Ovarian dysgerminoma is the most common malignant germ cell tumor of the ovary, accounting for approximately two percent of all ovarian malignancies. An aggressive but treatable disease, it occurs most often in girls and young women, ranging in age from mid-teens to the mid-30s.

Findings of the M. D. Anderson study are reported in the September issue of the Journal of Clinical Oncology. In the same journal, a corresponding editorial by Dr. Marc Laufer, chief of gynecology at Children's Hospital - Boston, reported that the study "is most helpful as we aim to counsel our newly-diagnosed patients with cancer and provide options for reproductive function for long-term survivors."

For the last four decades, girls and young women with ovarian dysgerminoma have received aggressive surgery followed by radiation, according to Dr. Gershenson. Historically, surgery for this rare form of tumor usually included the removal of both ovaries and fallopian tubes and often removal of the uterus, he said. Though an effective treatment for the disease. Dr. Gershenson said that if the surgery did not render the young patients sterile, radiation to the pelvic and abdominal areas often did.

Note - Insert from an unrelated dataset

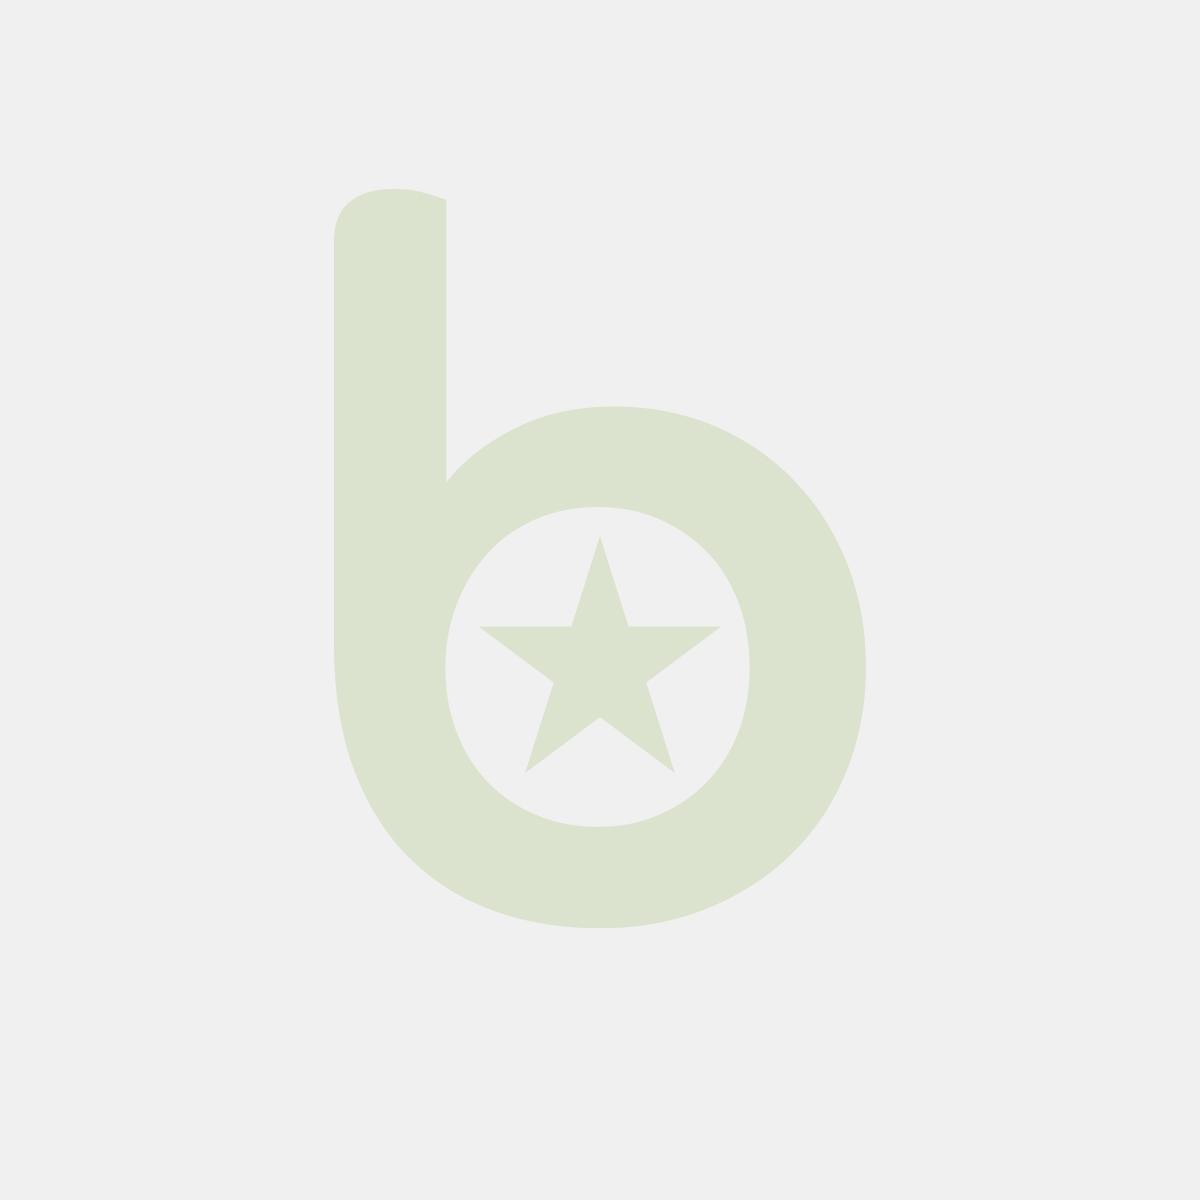 LUCART dyspenser serwetek TableTop N4 stojący, czarno - szary

In the M. D. Anderson retrospective study, researchers reviewed the cases of 26 females with ovarian dysgerminoma who underwent surgery and received a chemotherapy regimen of bleomycin, etoposide and cisplatin beginning in 1984. According to the study, 25 of those who received the chemotherapy, rather than radiation therapy, remained continuously disease free after a median follow-up of more than seven years.

Sixteen of the 26 patients underwent fertility-sparing surgery known as salpingo-oophorectomy, and chemotherapy. In this conservative procedure, the surgeon removes only the affected ovary and fallopian tube, leaving the rest of the reproductive system intact.

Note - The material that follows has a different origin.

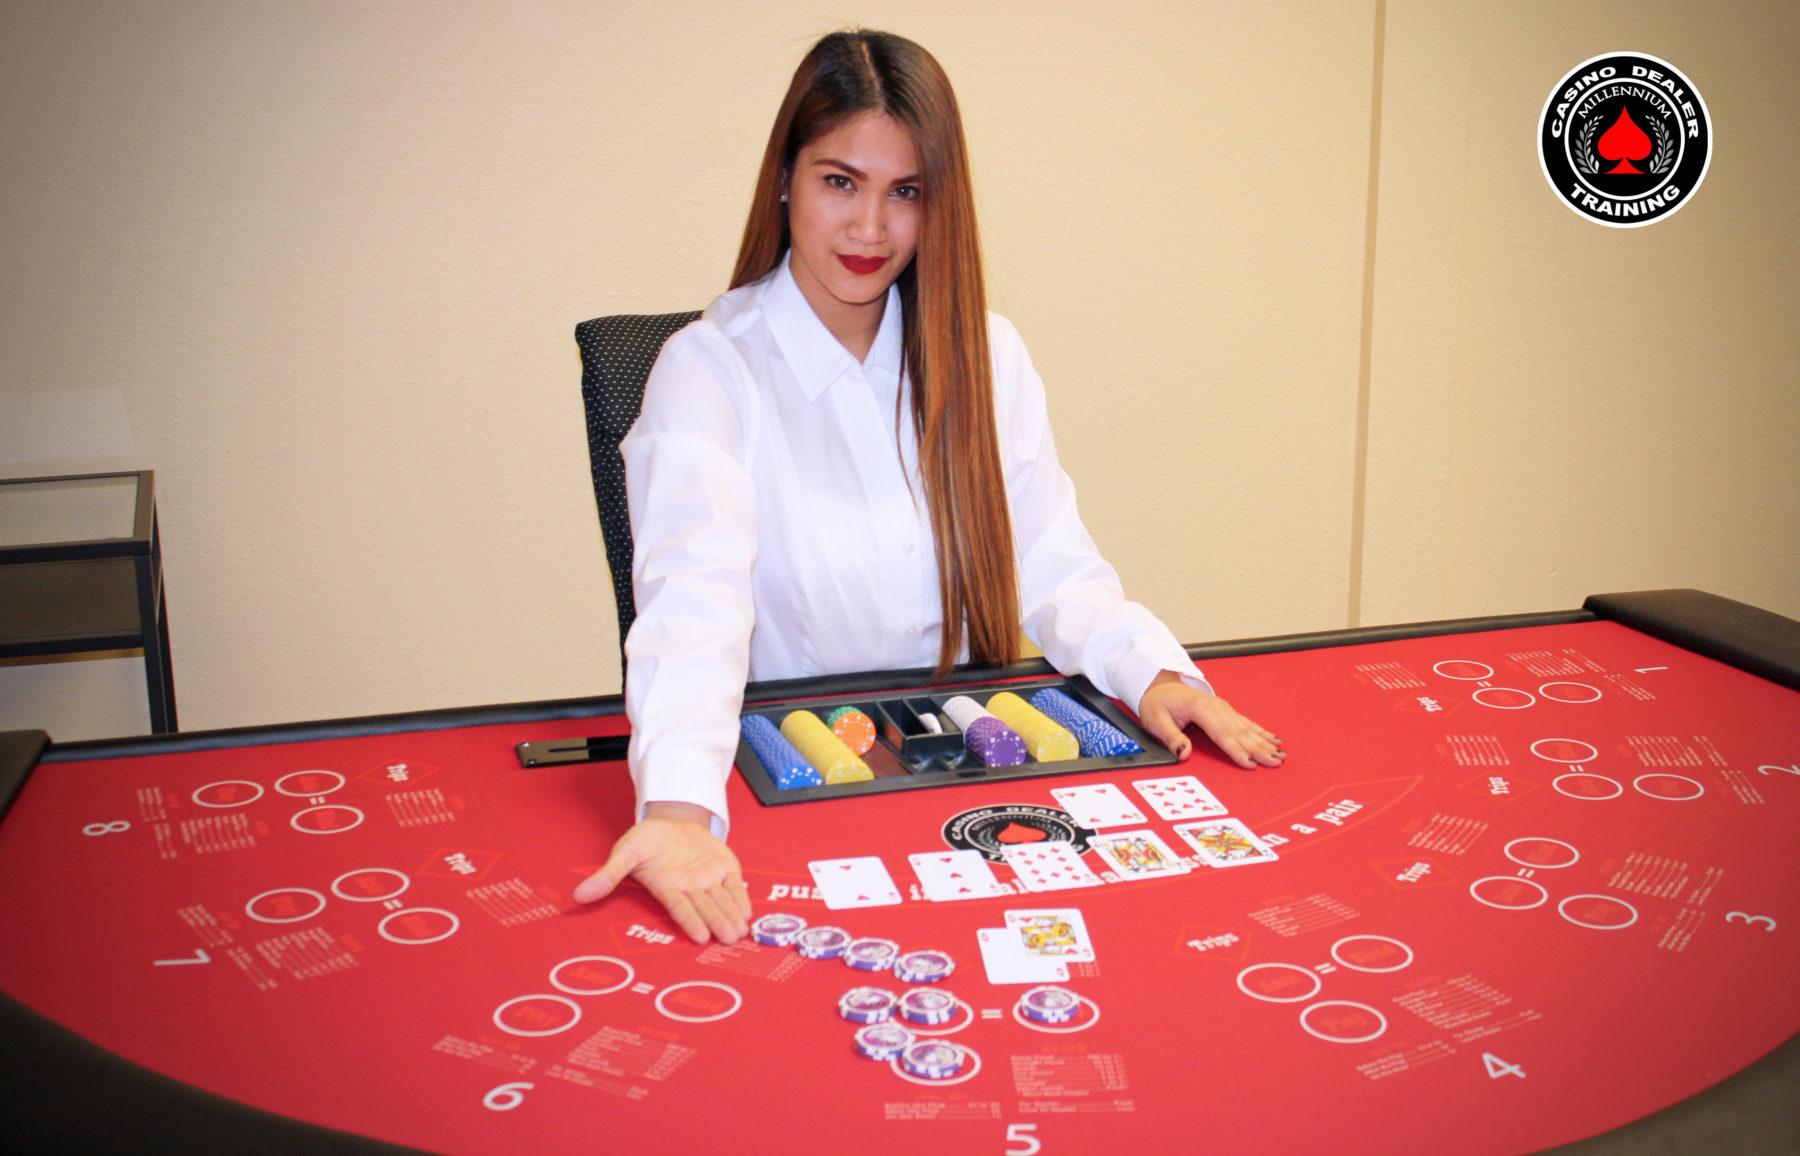 Casino dealer academy manila hotel casino

Five pregnancies have occurred among the 16 patients who had fertility-sparing surgery and chemotherapy. One patient had two full-term pregnancies while another patient had one full-term pregnancy and is expecting her second child. According to researchers, neither patient had difficulty conceiving, and there is no evidence of birth defects or other disabilities in any of the babies. Another patient pregnant at the time of the study has not continued with follow-up.

"By using conservative surgery and chemotherapy, instead of radiation, we have found a way to successfully treat these patients of child-bearing years, and still give them the opportunity to have their fertility," said Dr. Gershenson, who directs M. D. Anderson's Blanton - Davis Ovarian Cancer Research Program.

"We've succeeded with effective treatment, but we must now further extend our efforts to focus on qualify of life issues, including lifestyle, sexuality and reproductive potential. It is also very important that patients with a gynecologic cancer see a physician who fully understands the biology, pathology and proper treatment of these cancers so fertility can be spared," he said.

Members of the M. D. Anderson research team included Drs. Molly Brewer, Cynthia E. Herzog, Michele Follen Mitchell, Elivio G. Silva and J. Taylor Wharton.